** Dataset extract follows **

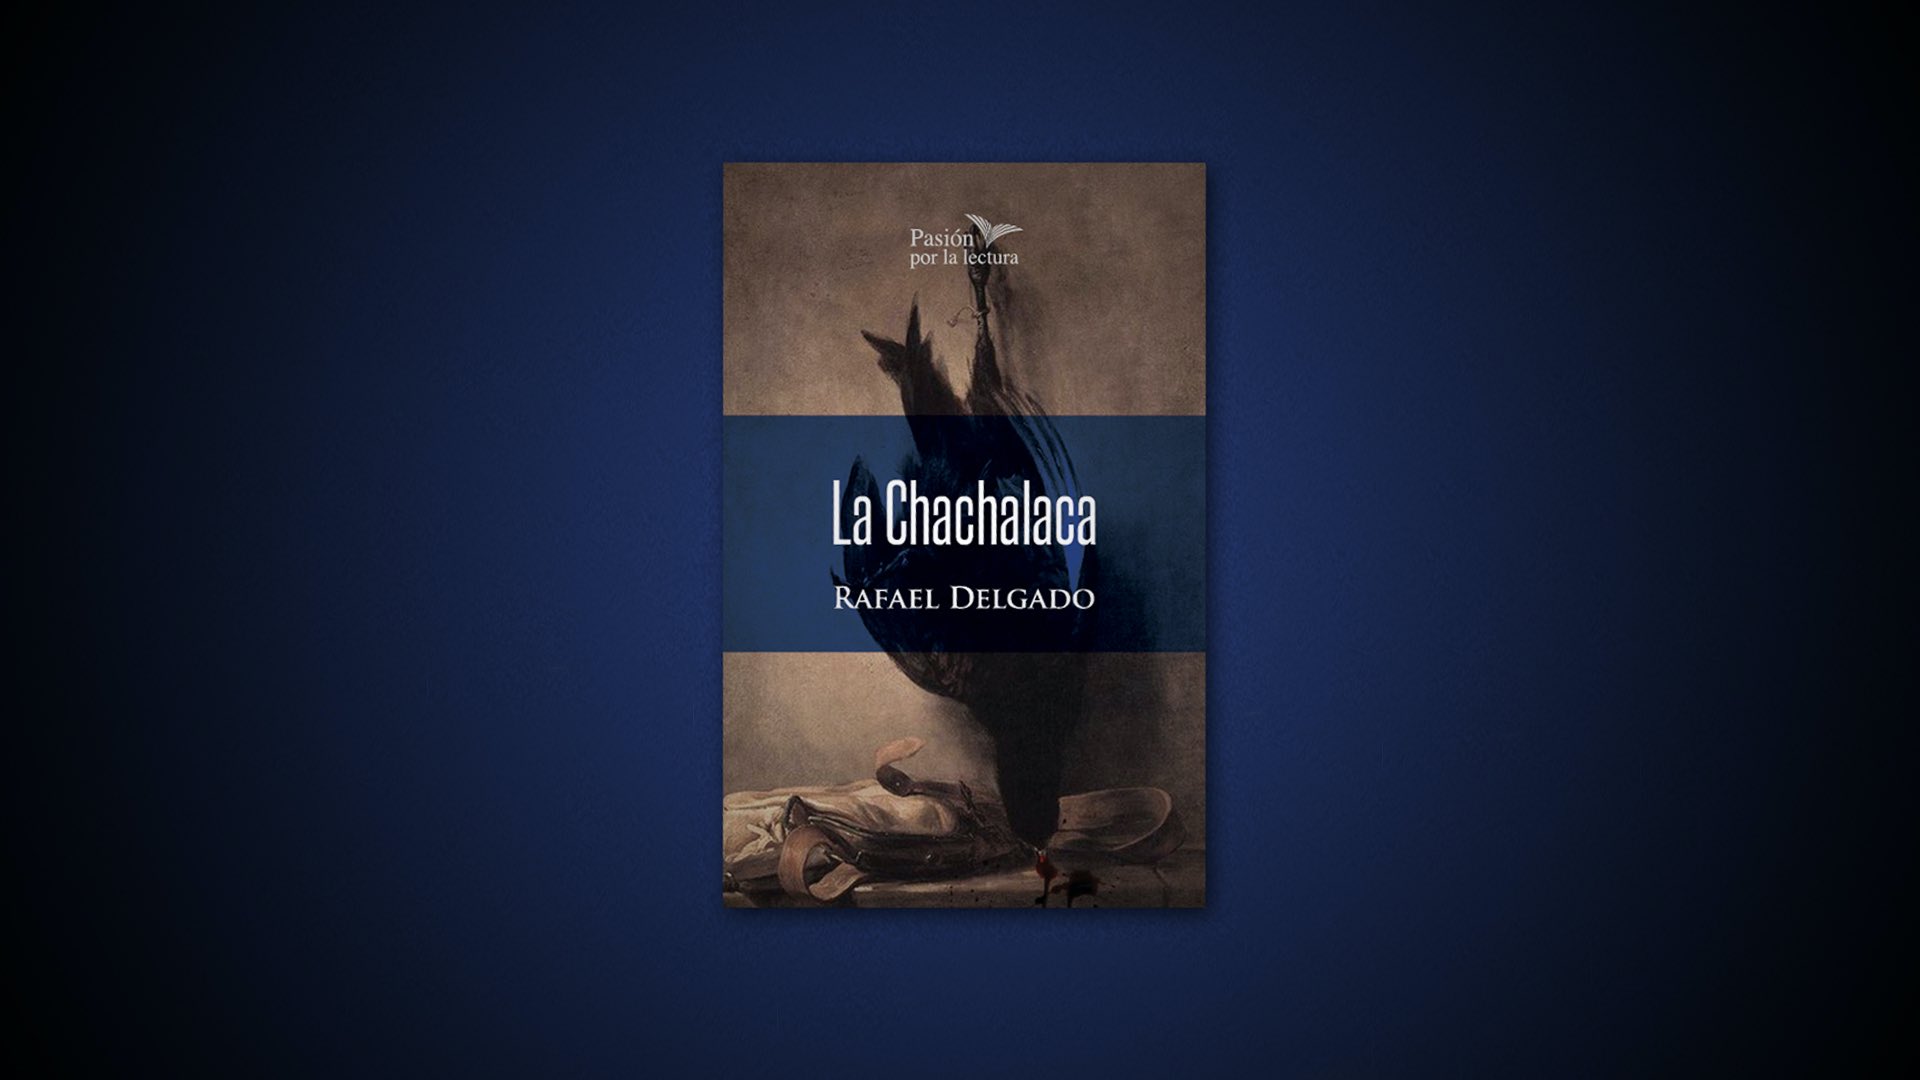 La chachalaca (The ortalis)
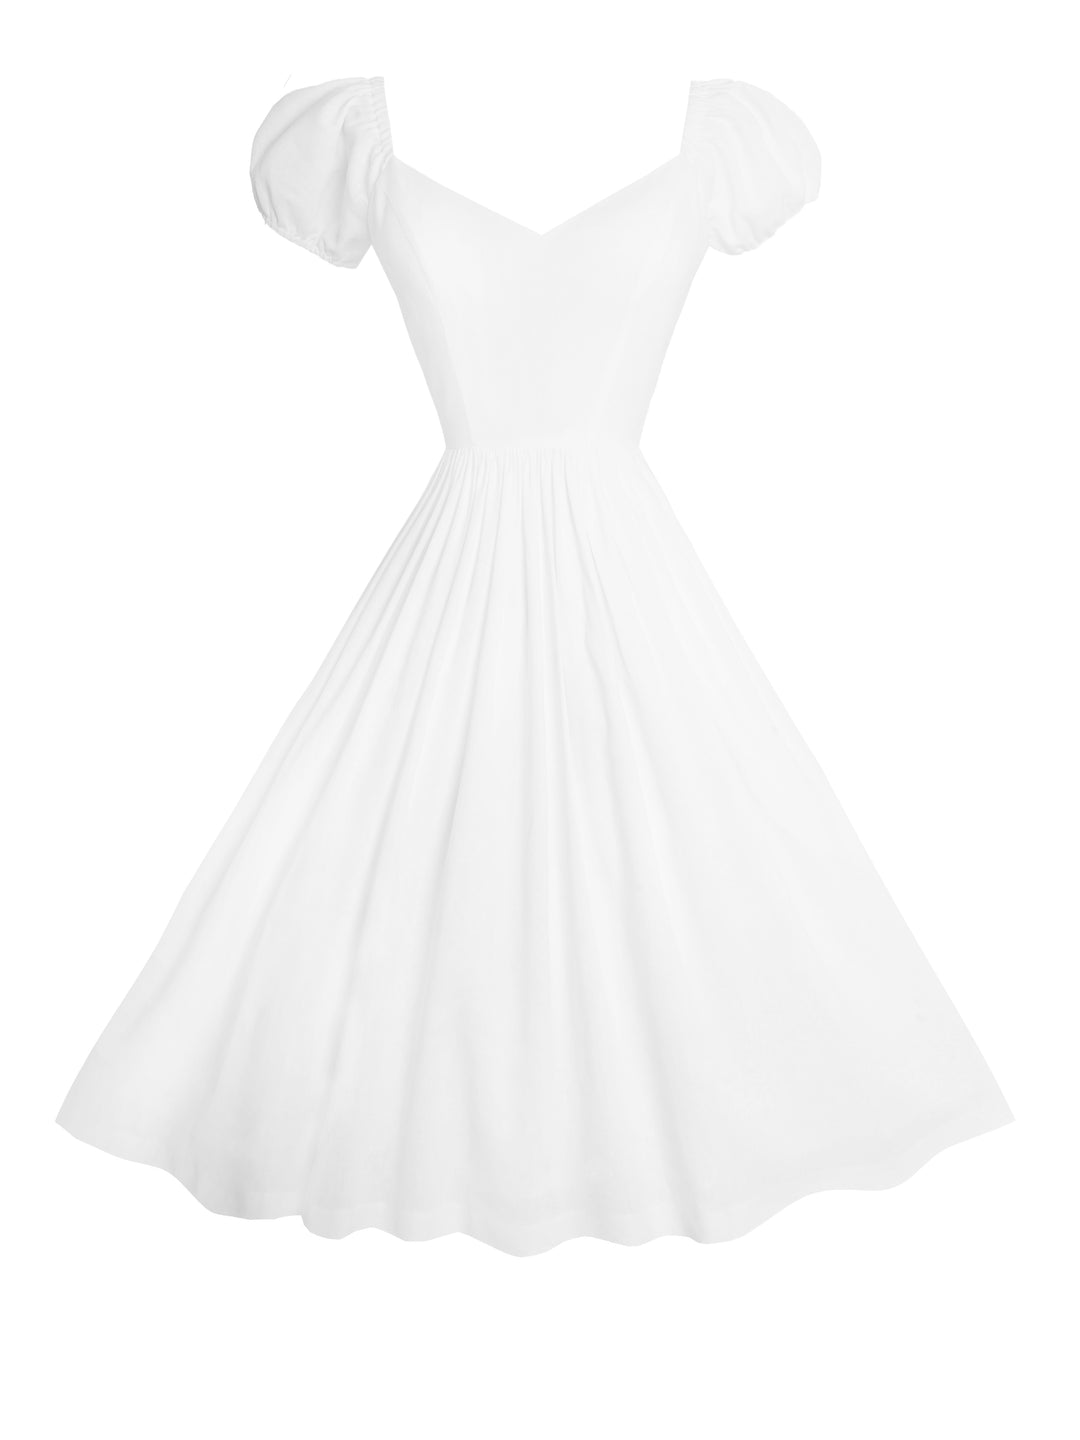 MTO - Margaret Dress in White Cotton
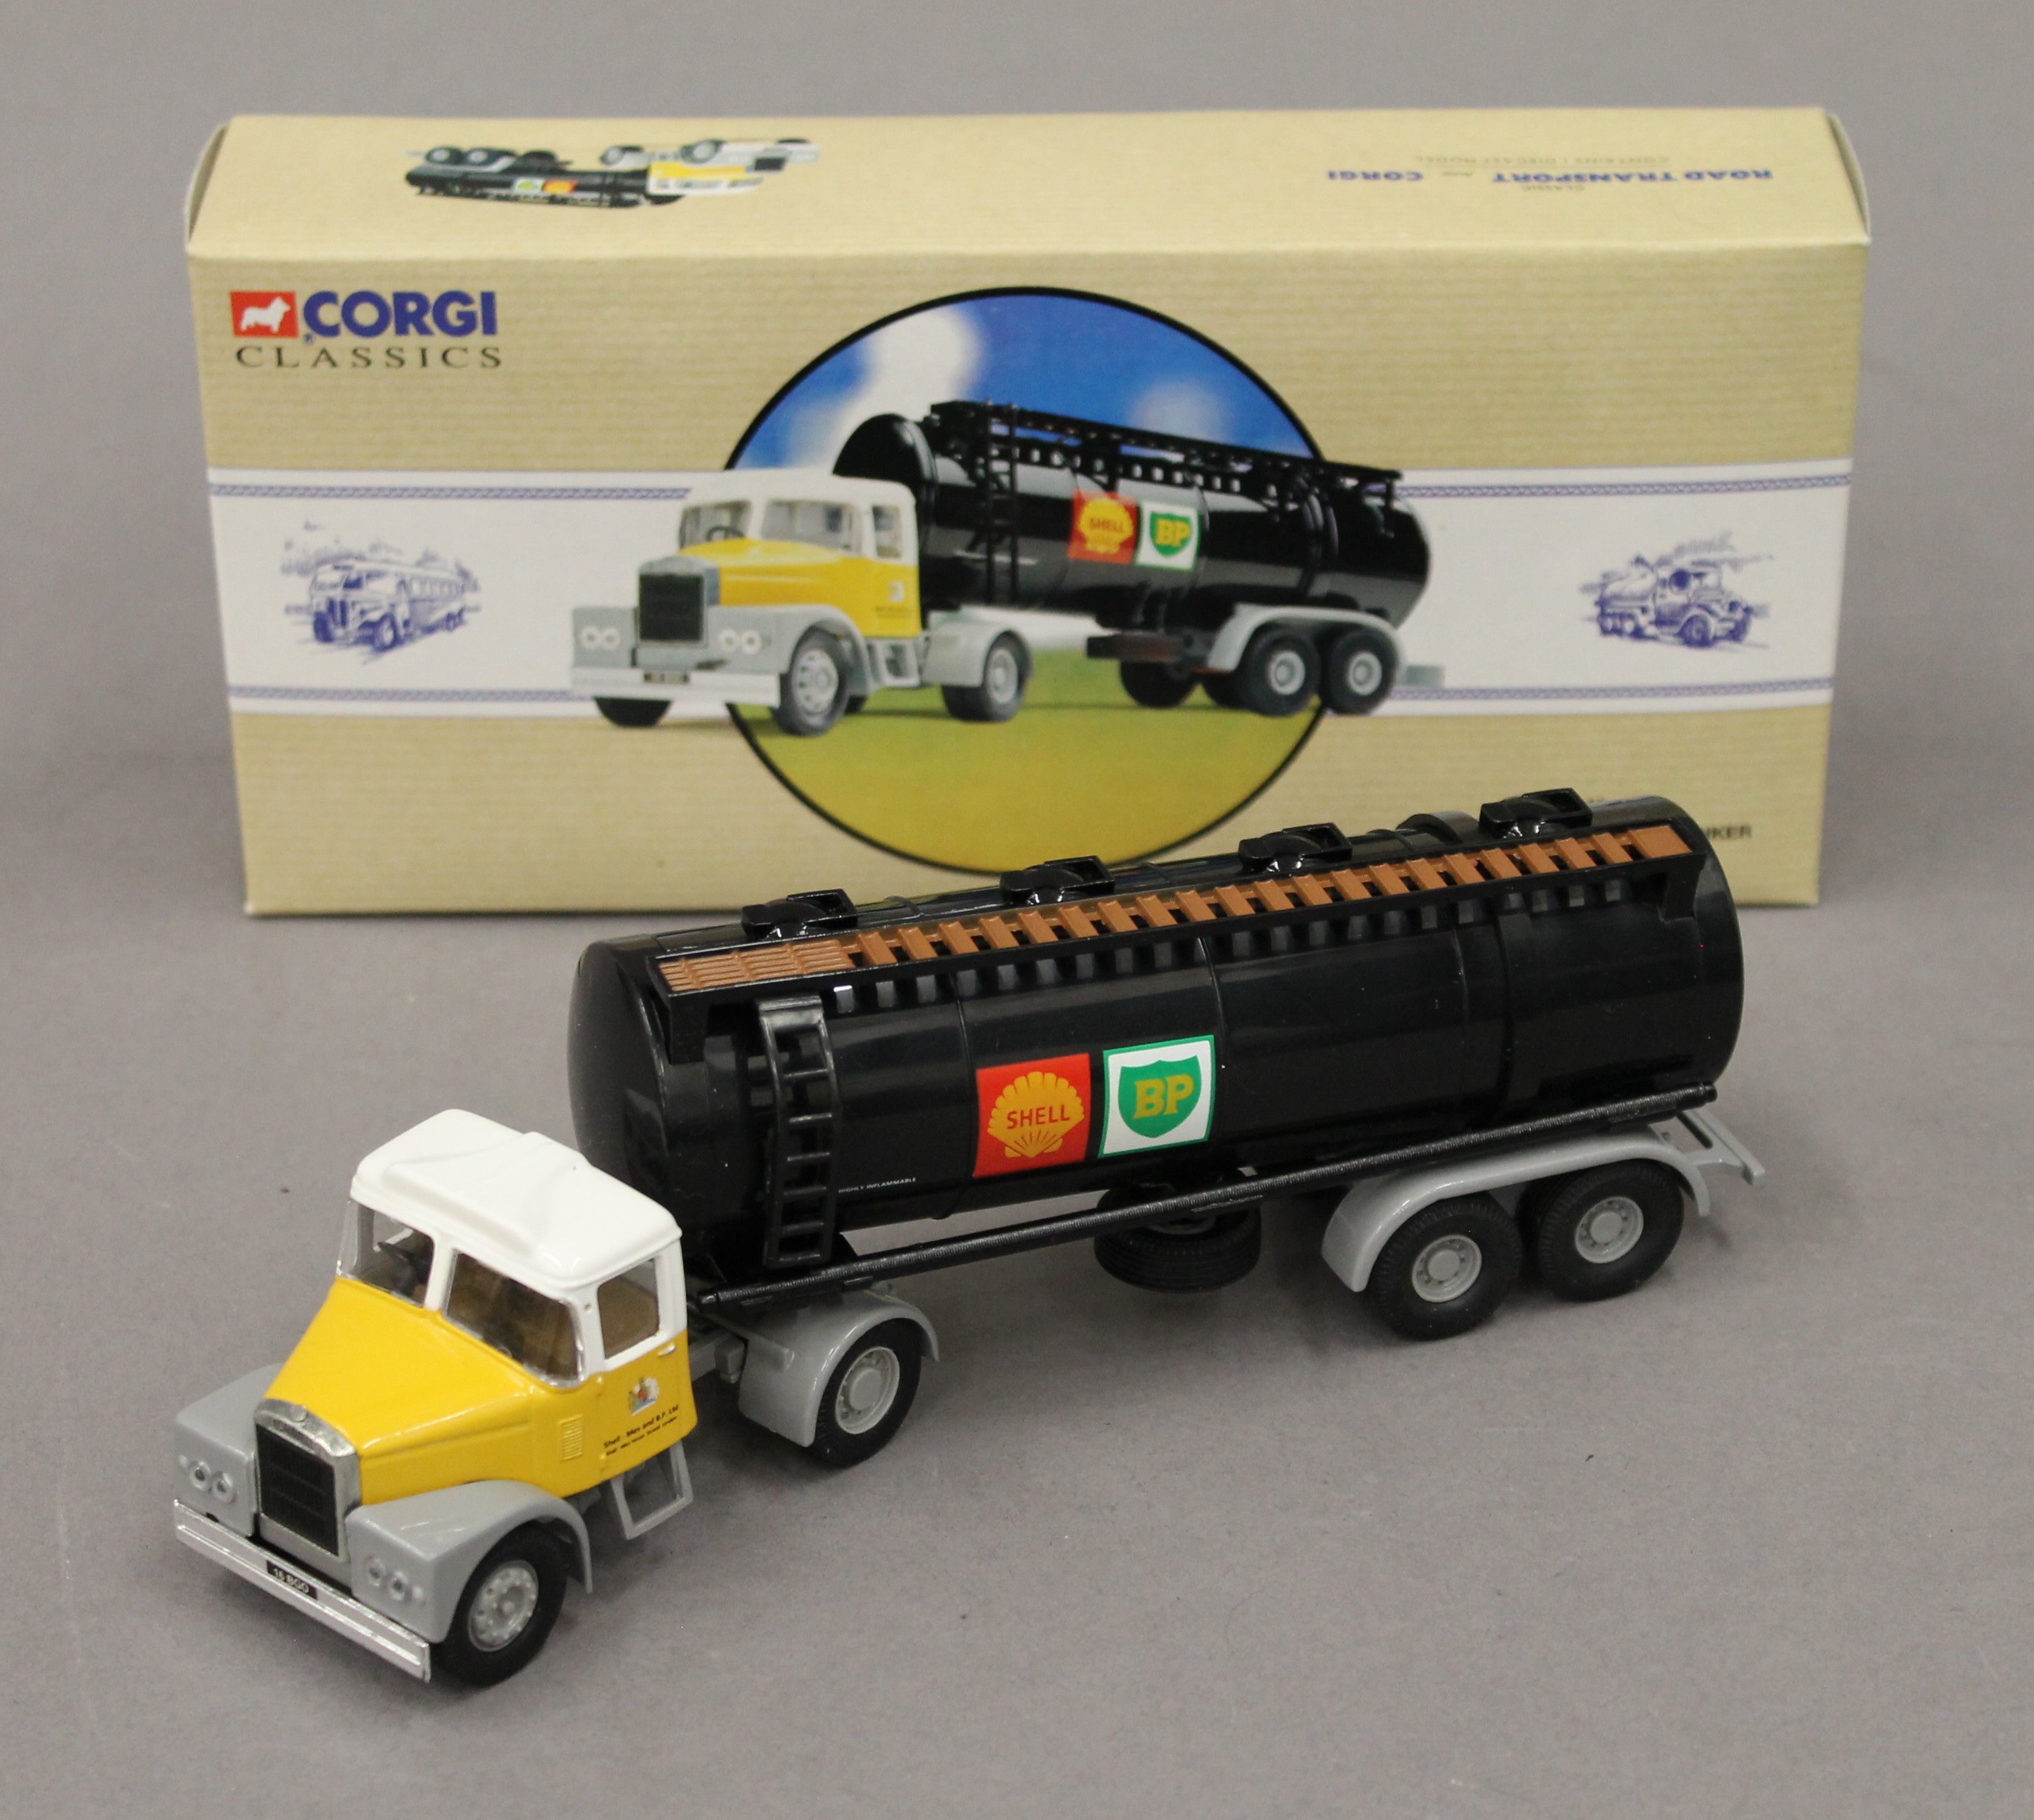 A boxed Corgi Classics Scammell Highway Man Tanker Shell MEX/BP.

** End of Dataset extract **

Exactly as they stand, write the lines from the one holding "MTO - Margaret Dress in White Cotton" to the end of the material, both ends included. Do not copy the pictures.

Answer to this problem:
 MTO - Margaret Dress in White Cotton
 A boxed Corgi Classics Scammell Highway Man Tanker Shell MEX/BP.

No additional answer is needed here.